## TASK INSTRUCTIONS
Output the line containing "Intex has incorporated" and all subsequent lines of the listing below, copied exactly, with no other lines.
****
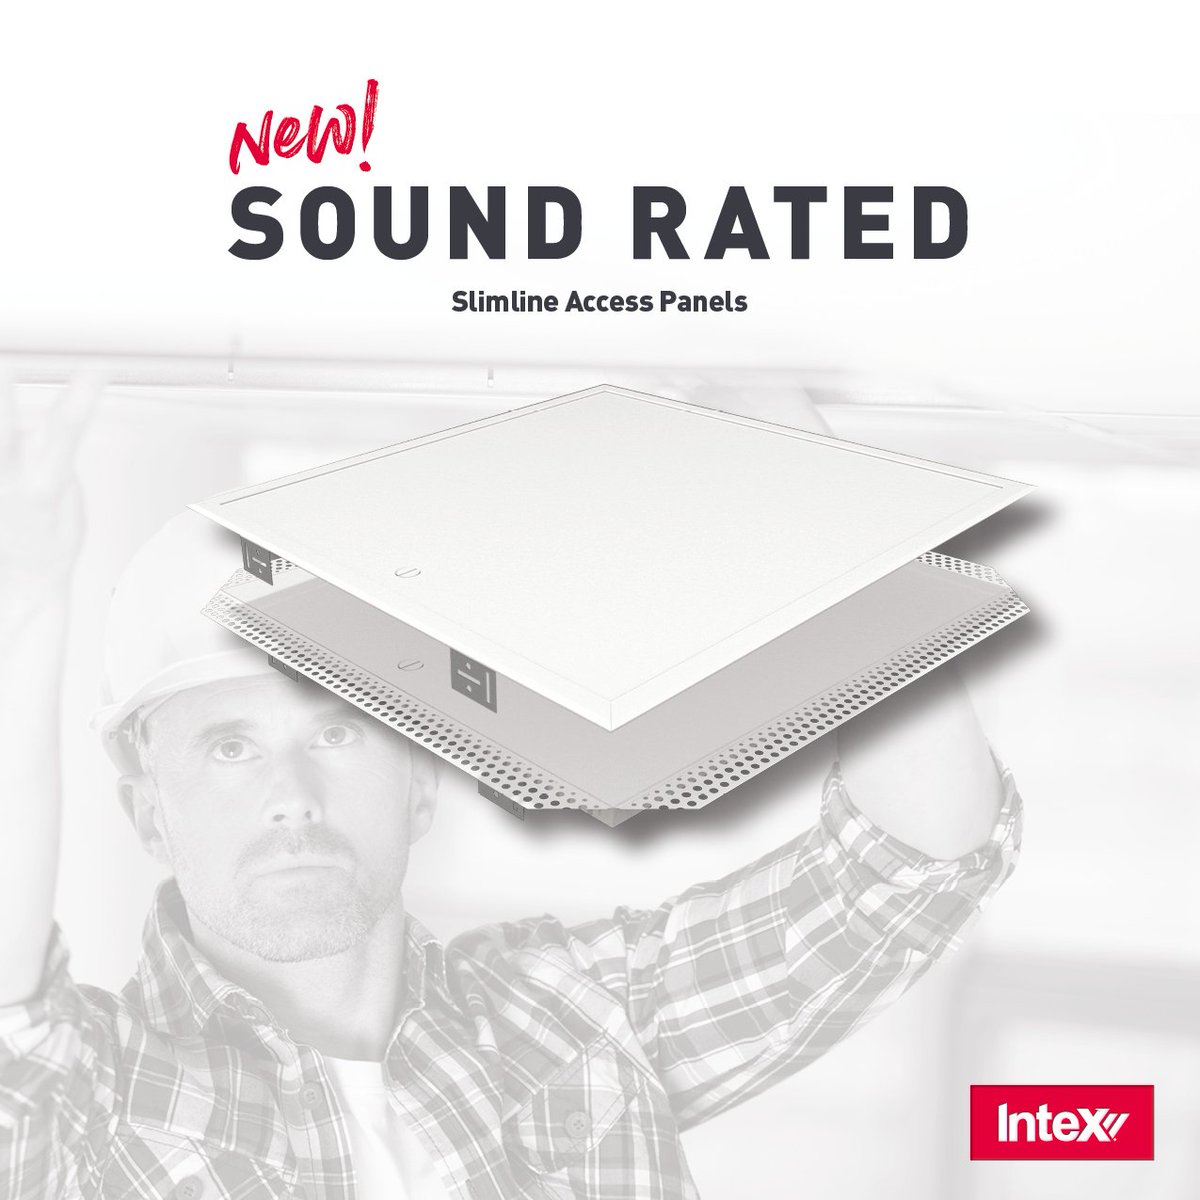 New Product Alert!

Intex has incorporated a full series of Sound Rated
Access Panels, certified to BSENIS0140-3:1995 and built to comply with all Australian building codes.

Ask your local retailer!

#soundrated #acoustic #ceilingsystems #wallsystems #accesspanels
****
## RESPONSE TO THIS EXERCISE
Intex has incorporated a full series of Sound Rated
Access Panels, certified to BSENIS0140-3:1995 and built to comply with all Australian building codes.

Ask your local retailer!

#soundrated #acoustic #ceilingsystems #wallsystems #accesspanels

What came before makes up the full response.